I deserved to know what he was too much of a coward to hear. It wasn’t like I was allowed to betray her. I could hardly do my job if I didn’t know what I was doing.
She ran her fingers through her wet hair, shaking it out, color creeping up her cheeks. And when Isolde came back, I said, “So, tell me what it is you’re not telling him.” And I waited for tales of how they smuggled out injured women and terrified children for a fresh start elsewhere and sent those who were bloodthirsty back to the Matri’sion tribes.
She just arched her brows and looked me over in assessment. It was probably supposed to be terrifying, but she’d already taken my measure, and we both knew it. She’d at least kill me quickly. “What do you know?”
Bitterness was on the tip of my tongue. I didn’t like its taste. I knew that sometimes to kill the King, first you’d have to kiss the ring. I knew to get out from under the boot, you sometimes needed to press a kiss to it.
I knew I wasn’t going to drown in the mud.
“I know you’ve been lying to Luca.” Who was also bloodsworn to her. I wanted to laugh at the thought, but it wasn’t with mirth. She was gathering a collection of us. “That you’re Matri’sion,” I said of Isolde, and then turned to the woman who held my life in her hands. “And you’re Matri’sion trained.”
Something flickered over Audrey’s face. Worry, warmth. Something like that. Something more. I didn’t want her cursed warmth.
“You’re his friend. Luca’s.”
If that was the most important thing she took from our interactions so far, no wonder we were here now, lambs to the slaughter.
Isolde tilted her head a little, as if I amused her. “You’ve traveled in the Steppes. You know of the prophecy.”
My heart twisted. “The Sweeping Stallion.”
She hummed in agreement. “First, he’ll unite the tribes. Then, he’ll take the known world.”
Except he didn’t give a cuss about the known world or uniting the tribes. He’d figured out pretty quickly the cost of unification was life, and the cost of peace was individuality. He’d opted out.
That didn’t stop the assassins, though. And neither could I, from here.
“He’s not interested,” I said. It was no secret. He’d ensured it. “He says there are enough jokers in power.”
Amusement sparked in Audrey’s eyes. “And you believe him?”
I didn’t laugh with her. “Why wouldn’t I?” The humor in her gaze died a brutal death. Good. She wasn’t allowed to laugh at him.
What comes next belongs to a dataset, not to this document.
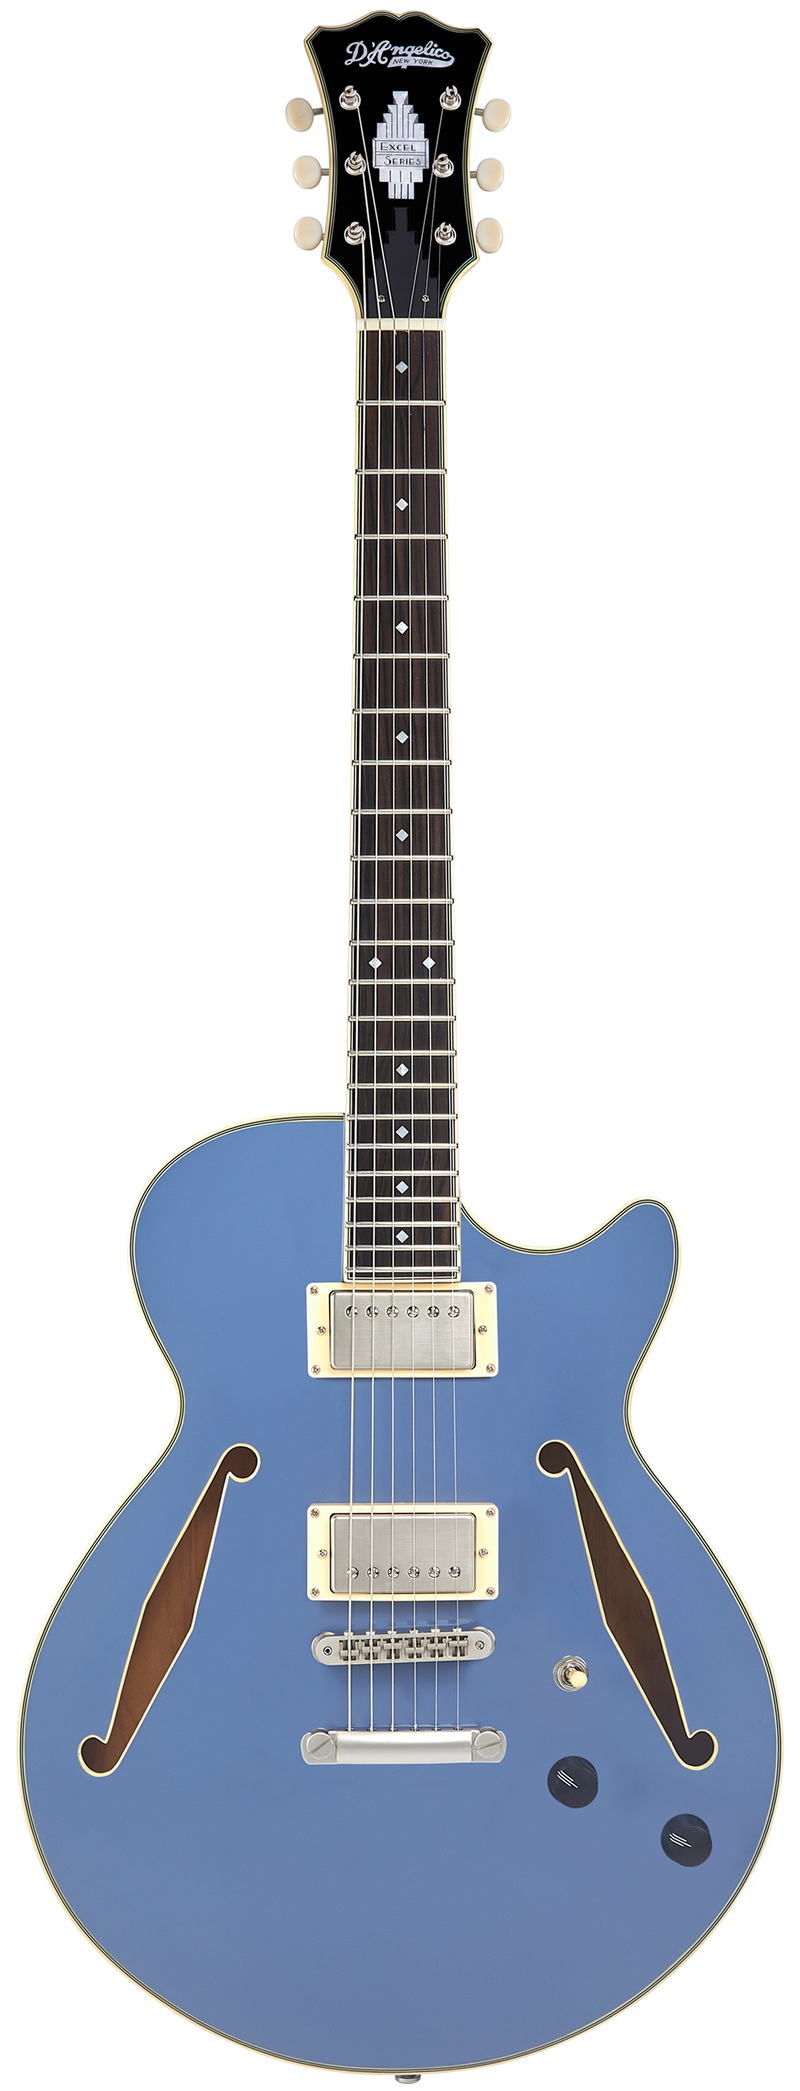 D'Angelico DAESSTSLBSNS Guitare électrique semi-creuse (bleu ardoise)

And with that thought, I looked deliberately at Isolde. “You’d know he rode north five years ago, and came home without claiming any of the gifts or fealty offered. This isn’t about Kadan. You’ve secrets,” I acknowledged. “I sure won’t be telling the Butcher.” The repercussions on the woman I was forever linked to would probably kill me…or her father would. “So, what’s the rest?”
“Victor is a monster,” Audrey said, the words cautious, as if this was some dire secret we didn’t all know. “Personally, and as General for Arcanloc.”
I waited for her to go on. She looked at me from those golden eyes, her face unreadable. “And?”
She glanced at Isolde for guidance.
Audrey had no idea. She was just doing what she was told. And, for a moment, I saw myself again, as a boy, looking to my mother.
I made a noise of disgust before I could stop myself, turning away. “Let me know what I’m actually doing once you figure it out.”
“Don’t speak to her like that,” Isolde said icily.
I shook my head more aggressively than I should’ve. “Before you threaten someone,” I told her, going to polish my boots like the good puppy I was, “you need a way to hurt them. And I’ve got nothing left, my lady.”